Re: [PATCH v3 4/4] RISC-V: Allow booting kernel from any 4KB aligned address

From: Anup Patel
Date: Mon Mar 25 2019 - 12:17:13 EST


On Mon, Mar 25, 2019 at 8:29 PM Christoph Hellwig <hch@xxxxxxxxxxxxx> wrote:
>
> On Mon, Mar 25, 2019 at 06:18:45PM +0530, Anup Patel wrote:
> > We trying to addresses following issues in current code:
> > 1. The current setup_vm() maps all possible kernel virtual addresses (128GB
> > on 64bit system and 1GB on 32bit system). The amount RAM present on
> > real systems might be much less so we should not have kernel mappings for
> > non-existent RAM. Of course, we don't know amount of RAM available in
> > setup_vm() so we have to split page table setup in two parts and do minimal
> > required mapping in setup_vm().
>
> Why do you even care about kernel mappings for non-existant ram.

We care because there will always be some buggy kernel driver/code going
out-of-bound and accessing non-existent RAM. If we by default map all
possible kernel virtual address then behaviour of buggy accesses will be
unpredictable.

Further, I think we should also make .text and .rodata sections of kernel
as read-only. This will protect kernel code and rodata.

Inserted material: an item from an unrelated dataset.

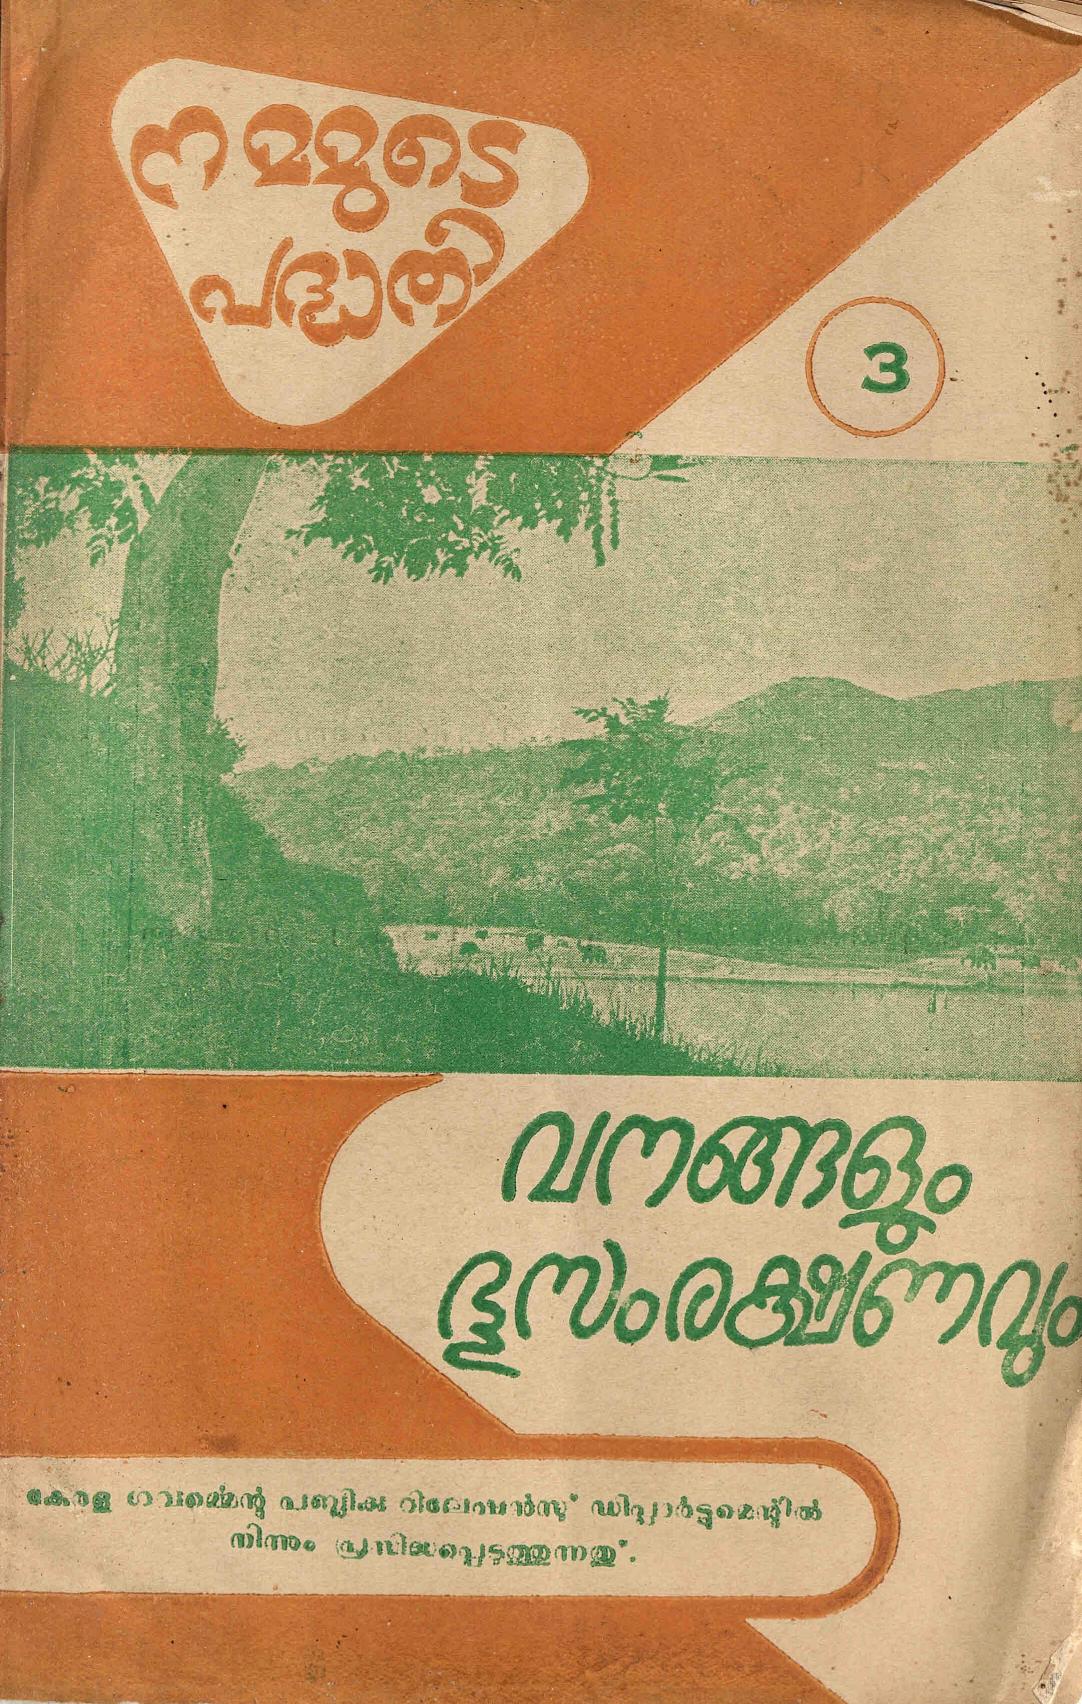 1957 - നമ്മുടെ പദ്ധതി - വനങ്ങളും ഭൂസംരക്ഷണവും

Above things add more debugablity to kernel and also help us catch bugs
faster.

>
> > 2. NOMMU kernel requires a swapper_pg_dir with identity mapping (VA == PA)
>
> Bullshit. nommu per defintion does not have page tables, and thus

Yes, I know but we did see a kernel crash in-absence of kernel page table
with identity mappings.

>
> > 3. For both NOMMU with tiny memory and MMU with tiny memory, the current
> > setup_vm() is not allowing us to place kernel on non-2M (or non-4M) aligned
> > addressed there by causing memory below kernel to be wasted.
>
> As mentioned a few times - nommu per defintion does not have page
> tables, and in my uptodate nommu port none of this code is even compiled
> in. If someone still compiles that code in some codebase that is just
> a bug that needs to be fixed.
>
> For MMU with tiny memory is is a theoretical case, but I still haven't
> seen a good rationale why we'd care for that case.

Lot of RISC-V systems being built today target resource constraint
use-cases (such as IoT or embedded) where more RAM is more
cost and more power.

It is very useful to have Linux RISC-V run on just few MBs (if possible).

>
> > 4. For MMU based kernel, the current setup_vm() is hard-wired for fixed 2M
> > mapping size. It will require more changes if we want to do 1G mappings.
>
> And why do we care? Even if we come up with a good reason for 1G
> mappings we'd better find a way to select it at run time and not require
> a gazillion of options to select how to map the kernel.

1G mappings will give better performance compared 2M mappings.

This will be very useful for performance hungry system with lot of RAM.

This patch selects 1G or 2M mapping at runtime based on load address
alignment.

Regards,
Anup